Mumbai: The benchmark Sensex on 10 August lost 232 points to close well below 15,000 on panic selling by funds as well as retail investors after a meltdown in global markets on fears about a spreading credit crunch.
The Sensex, which had tumbled nearly 530 points in early trade, recovered partially to close down by 231.90 points, or 1.54%, at 14,868.25. It had lost nearly 207 points in the previous session.
In a similar fashion, the wide-based National Stock Exchange’s Nifty fell 69.85 points to 4,333.35, after touching an intra-session low of 4,239.20 and a high of 4,395.50.

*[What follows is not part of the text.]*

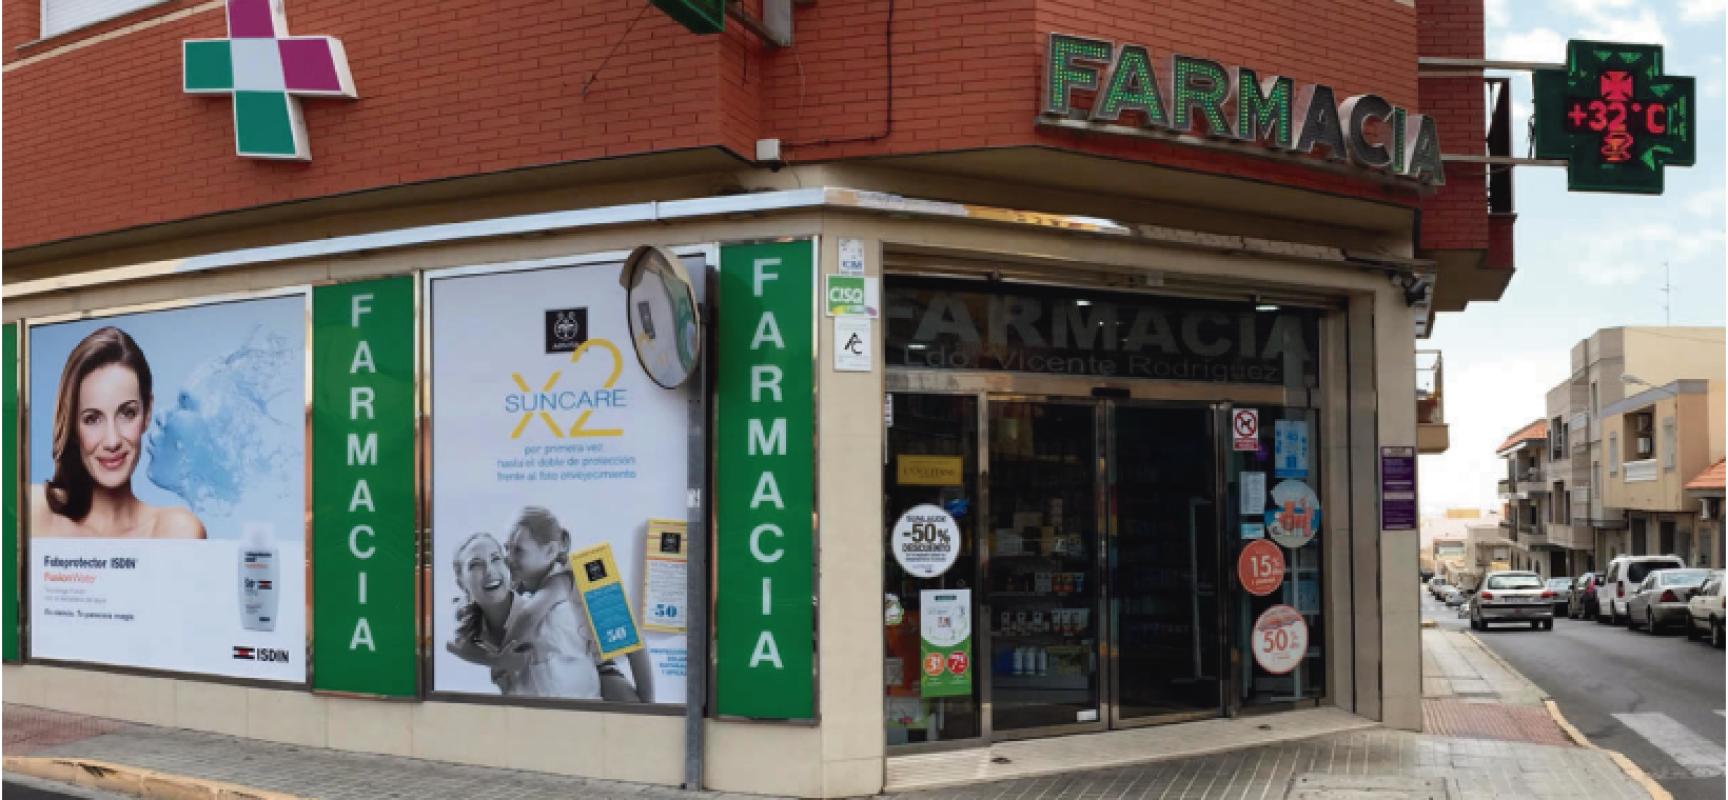 Farmacia Loma de la Mezquita: una botica de referencia

Stock brokers said sustained fall in stock prices for the second straight session was mostly attributed to global nervousness due to the US subprime crisis that is now affecting European banks as well. This sparked panic selling by major players in the domestic bourses.
However, covering up of short position by speculators trimmed early losses in most of the stocks, they said.
Barring IT, all the key sectoral indices ended in the red with sharp losses.
The IT sector index ended 40.26 points higher at 4,774.13 points after Infosys Technologies gained Rs16.25 at Rs1,952.25, HCL Technologies by Rs11.85 at Rs323.80, Satyam Computer by Rs12.30 at Rs479.40 and Mphasis by Rs6.80 at Rs297.70.
Share prices were down 2.65% in mid-day trade with investors spooked by concerns of a credit crunch linked to the troubled US mortgage sector, dealers said.
They said the market recovered slightly from a morning plunge of 3.6% in the benchmark 30-share Mumbai stock exchange Sensex index, but concerns remained about further declines.
At 2 p.m., the Sensex was down 379.75 points at 14,720, off the day low of 14,570.89. The NSE Nifty on the other hand plunged 114.85 points at 4,288 points.
Overseas funds have led the fall by selling almost a billion dollars of Indian equities in the past two weeks to take total overseas equity investment to $9.7 billion this year from a high of $10.5 billion, official data showed Thursday.
Dealers said liquidity on the main bourses, the Mumbai and National stock exchanges, had dropped noticeably in line with markets around the world.
“Liquidity has become a concern. Local mutual funds may face redemptions in weeks ahead if the global volatility continues,” said Hiten Mehta, a fund manager with Fortune Financial Services.
Another market watcher said he expected further drops in Indian equities.
“We expect a painful correction in the coming weeks,” said Atul Mehra, capital markets chief with brokerage JM Financial.
On Friday, India reported that inflation rose marginally from a week ago while June industrial slowed from May.
Inflation rose 4.45% for the year ended July 28, from 4.41% a week earlier as the food costs gained, official data showed.
Also on friday, the government reported that industrial output rose 9.8% in June from a year ago, a sharp slowdown from an 11.1% gain in May as mining growth waned.
Mumbai: The benchmark Sensex tumbled more than 509 points on 10 August to go below 15,000 mark in morning trade on heavy selling by funds following a meltdown in global markets on fears about a spreading credit crunch.
The BSE-30 shares index, which had closed down by 207.83 points on 9 August, lost another 509.82 points, or 3.38% at 14,590.33 in the first five minutes of trade. Similarly, the National Stock Exchange’s Nifty plunged 164 points, or 3.07% at 4,239.20.
Stock brokers said reports that French BNP Paribas has frozen accounts of three mutual funds triggered panic selling by funds. All the BSE-30 index and Nifty-50 stocks were in the red with steep falls.